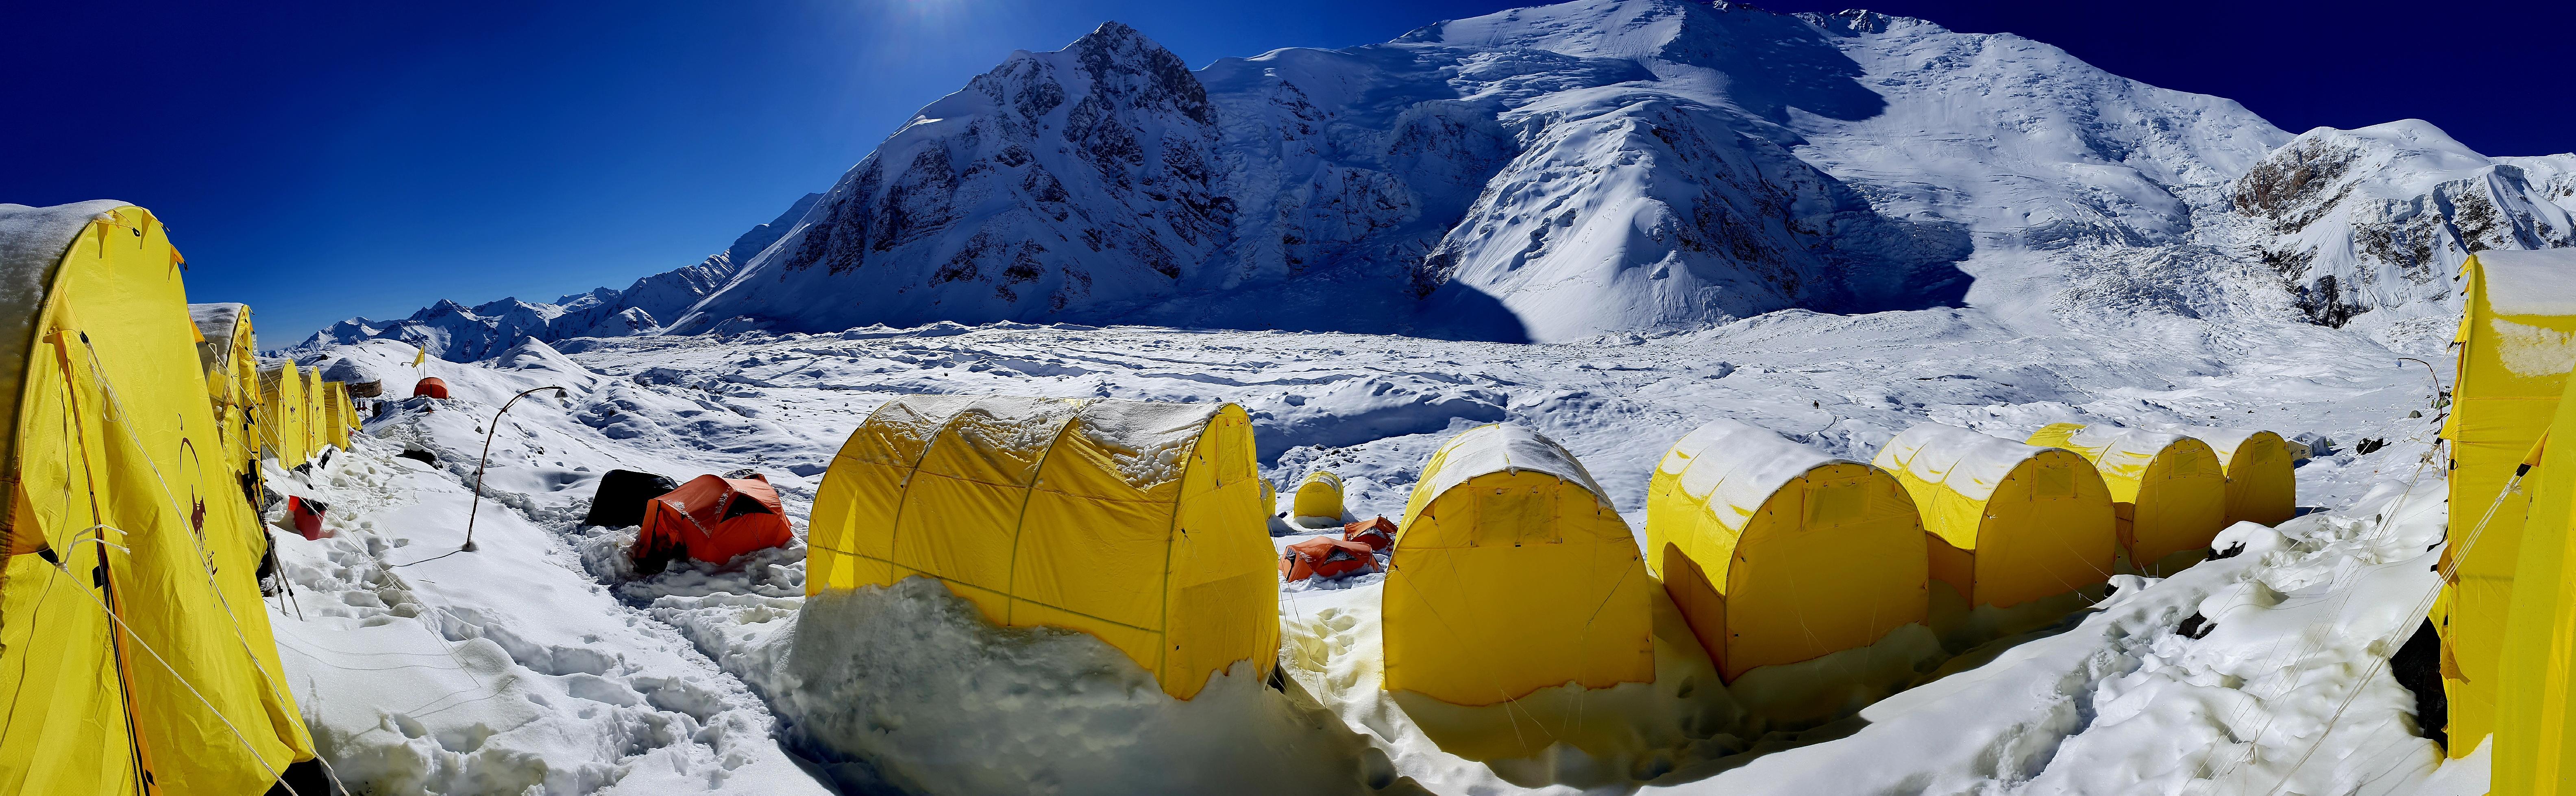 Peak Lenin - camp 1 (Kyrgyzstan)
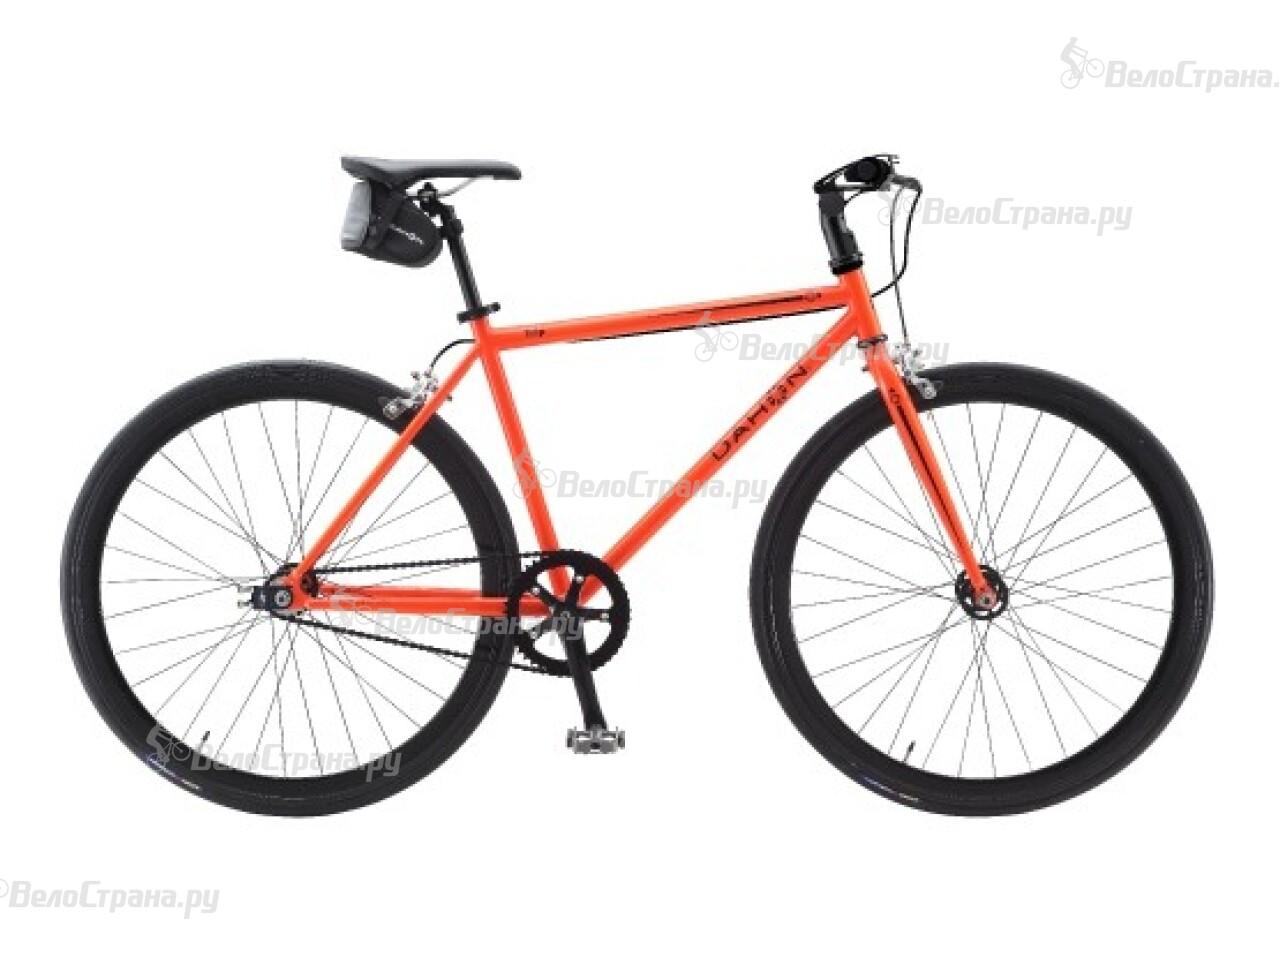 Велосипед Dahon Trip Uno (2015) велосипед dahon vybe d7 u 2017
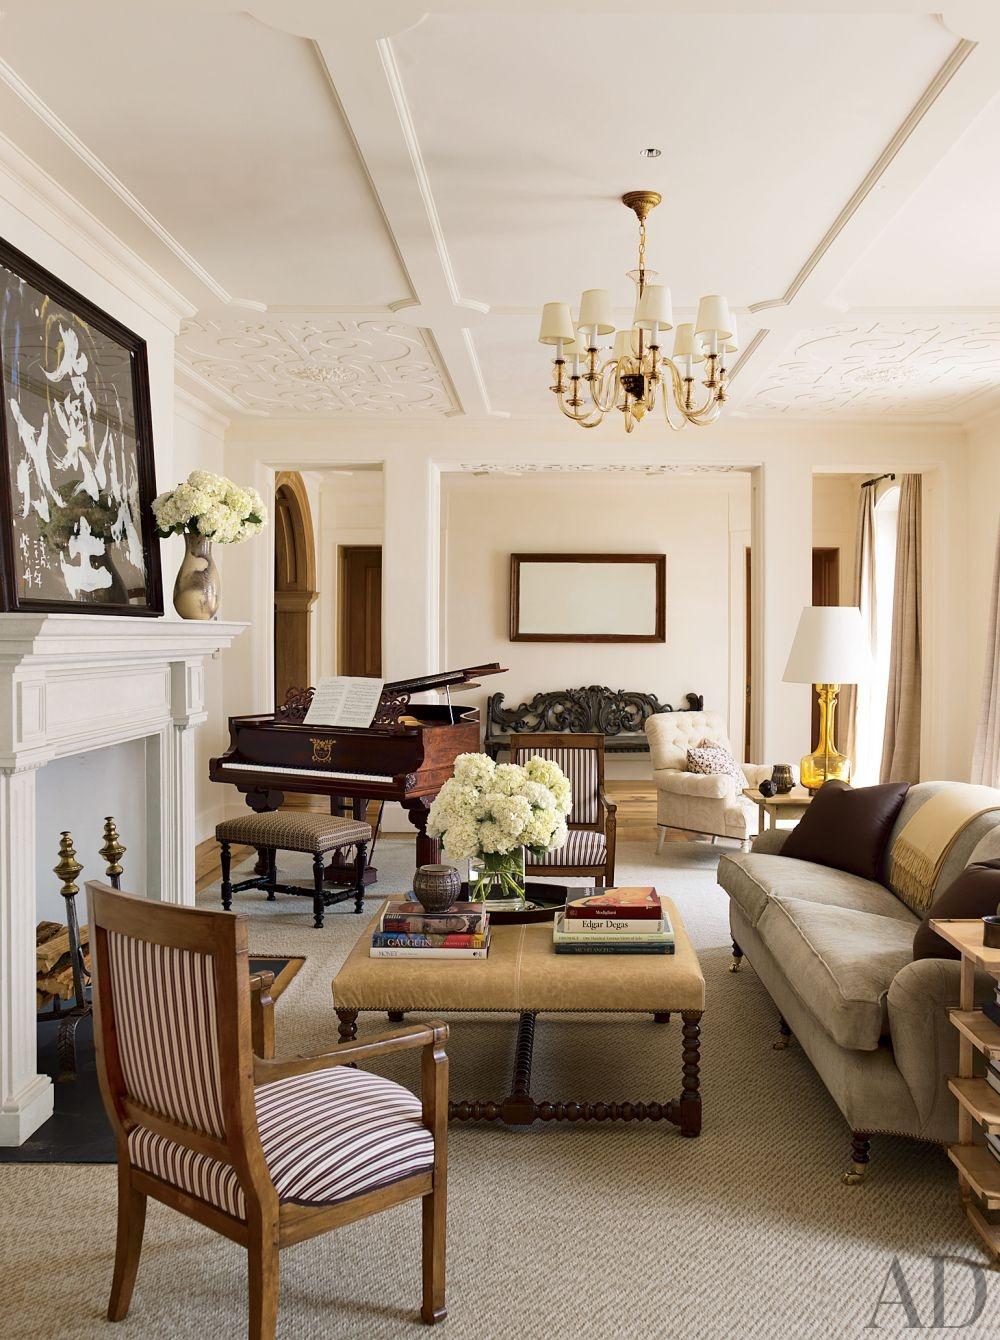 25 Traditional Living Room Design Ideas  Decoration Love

WHAT YOU WILL DO
Copy out all the data above exactly as written. Skip the pictures.

TASK RESULT
 Peak Lenin - camp 1 (Kyrgyzstan)
 Велосипед Dahon Trip Uno (2015) велосипед dahon vybe d7 u 2017
 25 Traditional Living Room Design Ideas  Decoration Love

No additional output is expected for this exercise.